The next point made by the counsel for the original defendant is
that the writing of the words
"ne varietur" upon the note
restricted its negotiability. It appeared in evidence that the note
in question was given as a part consideration for
Page 21 U. S. 364
the purchase money of a plantation and slaves purchased by
Fleckner of Nelder. The instrument of conveyance was drawn,
executed, and recorded before a notary public according to the
usage in countries governed by the civil law. The notary, upon the
giving of this and other notes for the purchase money by Fleckner,
wrote on each note the words in question. There is not the
slightest evidence that, by the law or custom of Louisiana, the
introduction of these words affects the negotiability of these
notes, and without proof of such law or usage, this Court certainly
cannot infer the existence of such an extraordinary and
inconvenient doctrine. Upon the face of the transaction, we should
suppose that the words were written merely for the purpose of
ascertaining the identity of the notes, and the statement at the
bar that this is the explanation given by a very learned notary
confirms this supposition. The opinion of the district judge upon
this point also, asserting that the words did not create any
restriction upon the negotiability of the note, is, as far as we
have any knowledge, a true exposition of the law.

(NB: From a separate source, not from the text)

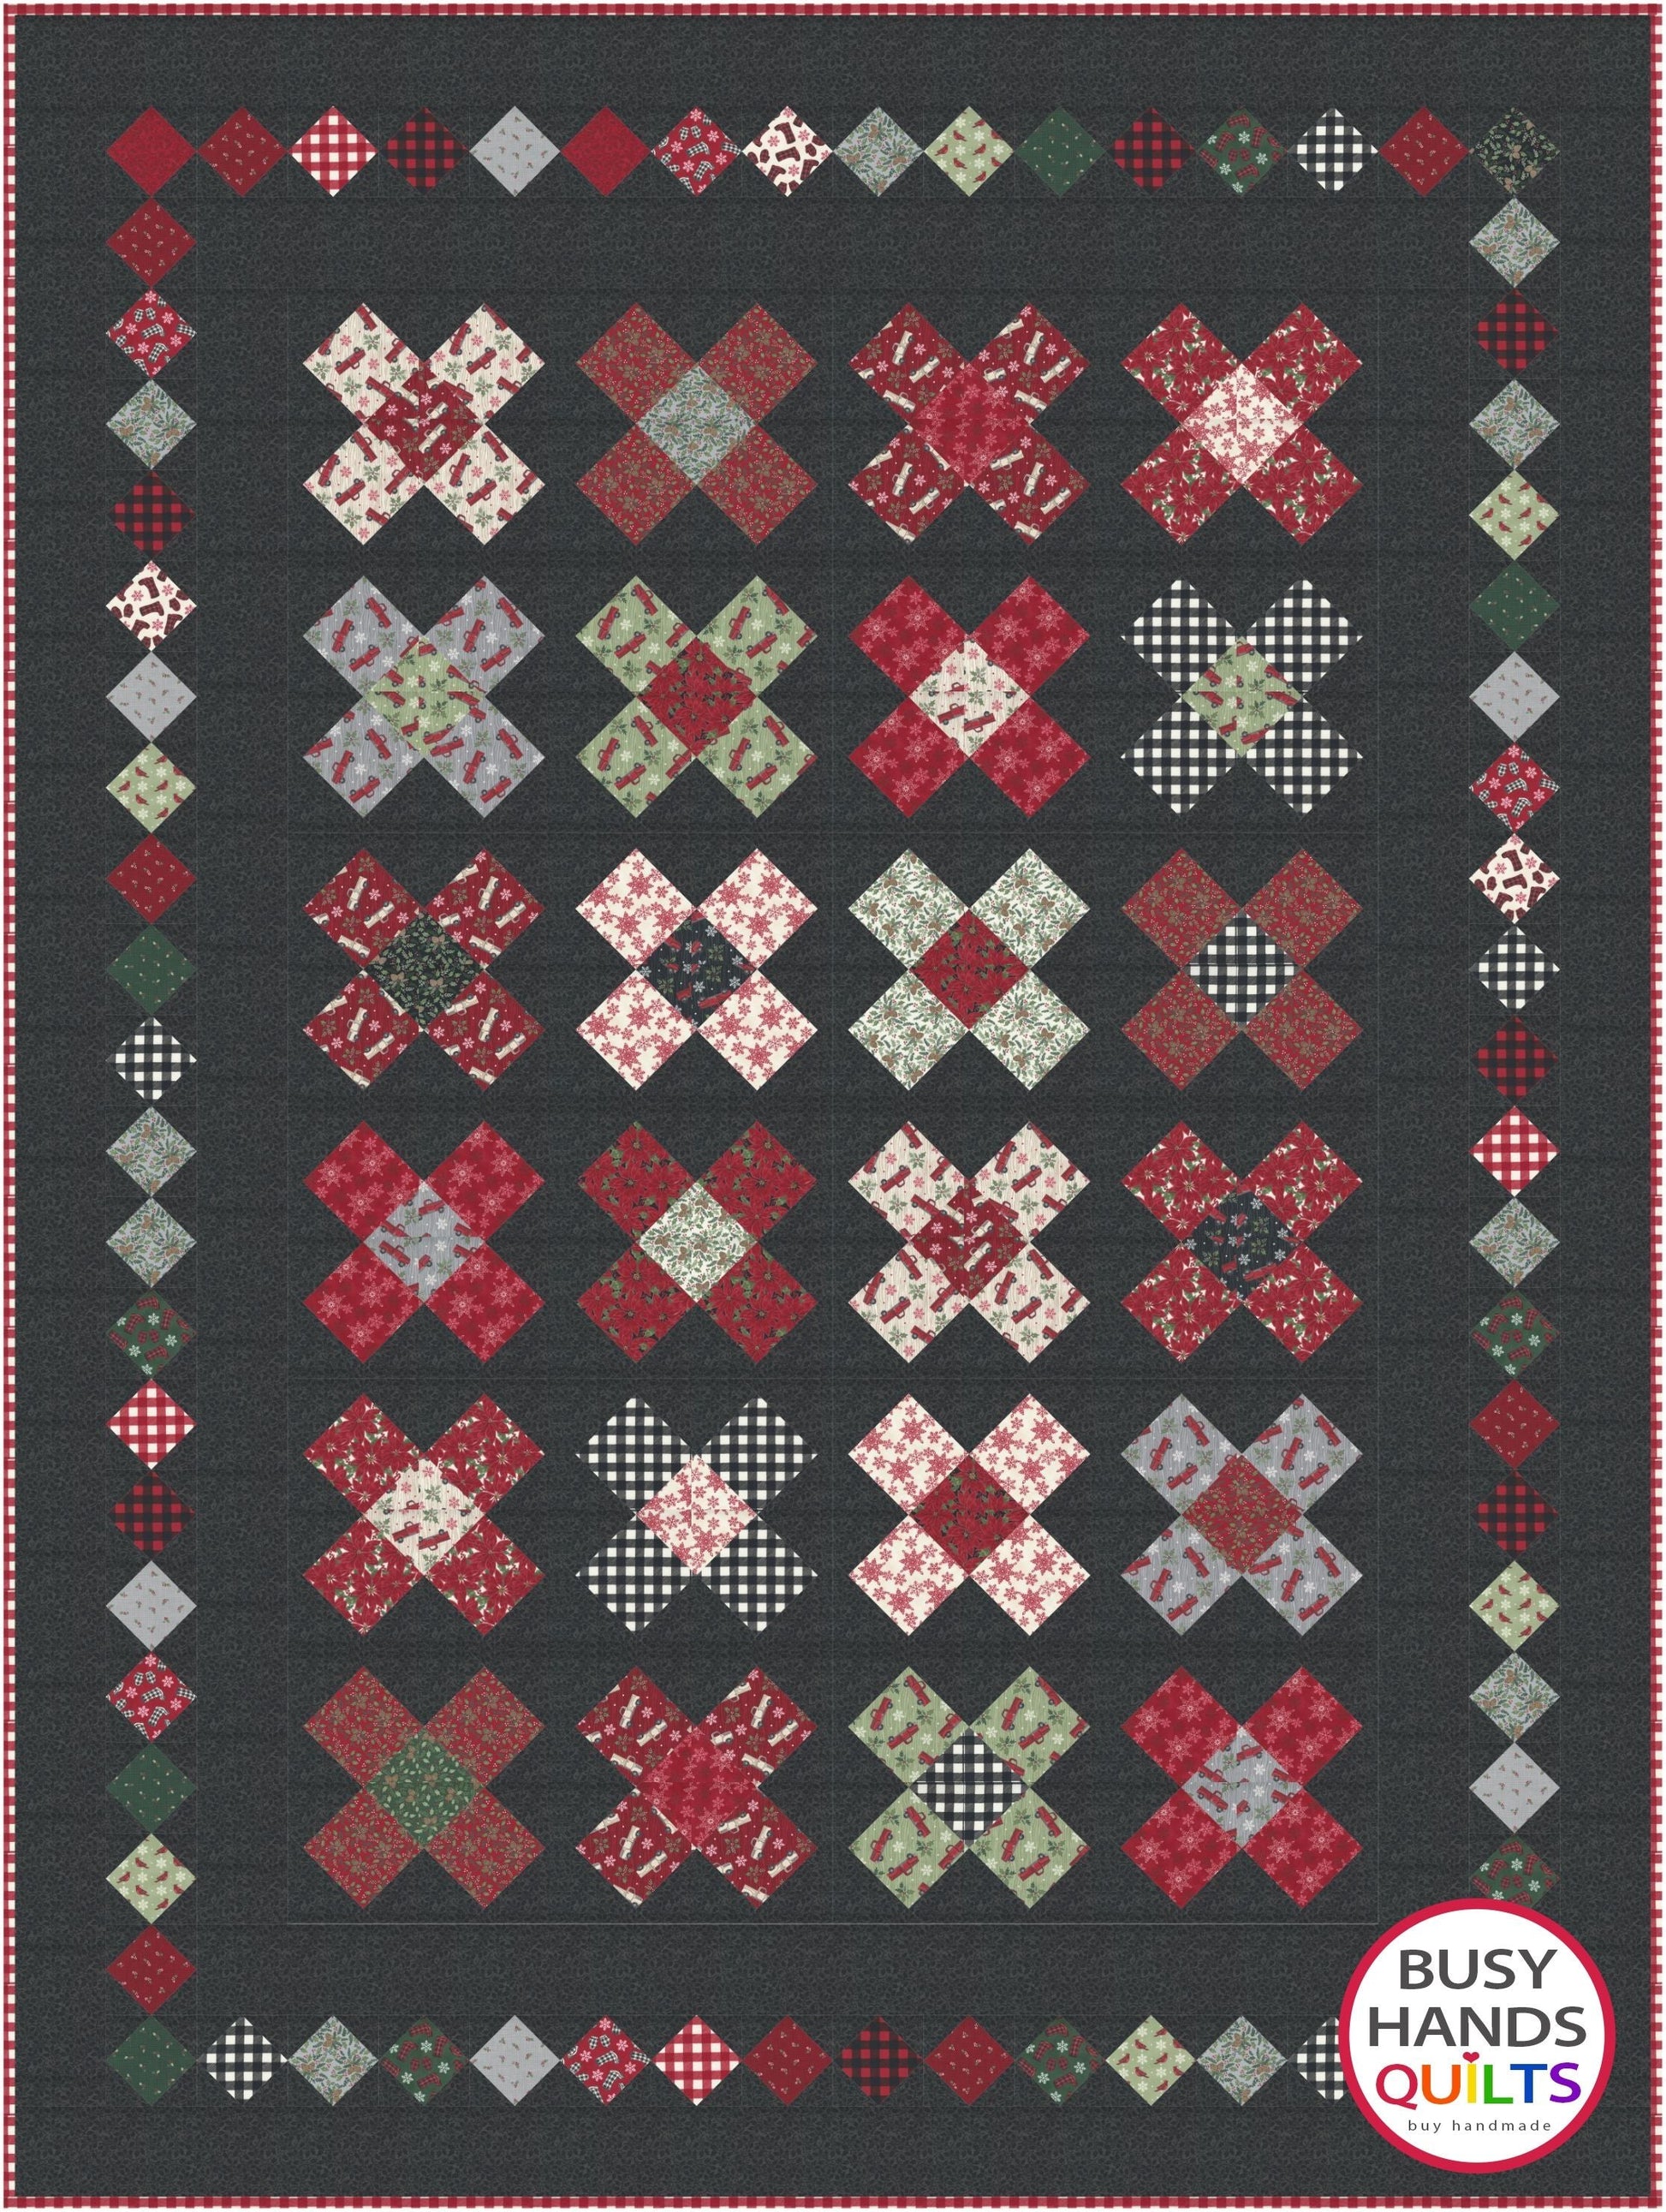 Belle Quilt Pattern PRINTED Busy Hands Quilts {$price}

It is unnecessary to pursue this subject further. The judgment
of the court below is
Affirmed with interest and costs.
JUDGMENT. This cause came on to be heard on the transcript of
the record of the Circuit Court of the United States for the
District of Louisiana and was argued by counsel. On consideration
whereof it is ADJUDGED and ORDERED that the
Page 21 U. S. 365
judgment of the said District Court for the District of
Louisiana in this case be and the same is hereby affirmed with
costs and damages at the rate of eight percentum per annum,
including interest on the amount of the judgment of the said
district court.
[
Footnote 1]
Act of 15 April, 1811. 1 Martin's Dig. 568
et seq.
[
Footnote 2]
Civil Code Louisa, tit. 10. ch. 2, art. 13 and 14.
[
Footnote 3]
See Civil Code of Louisiana, tit. 3, ch. 6, s. 4.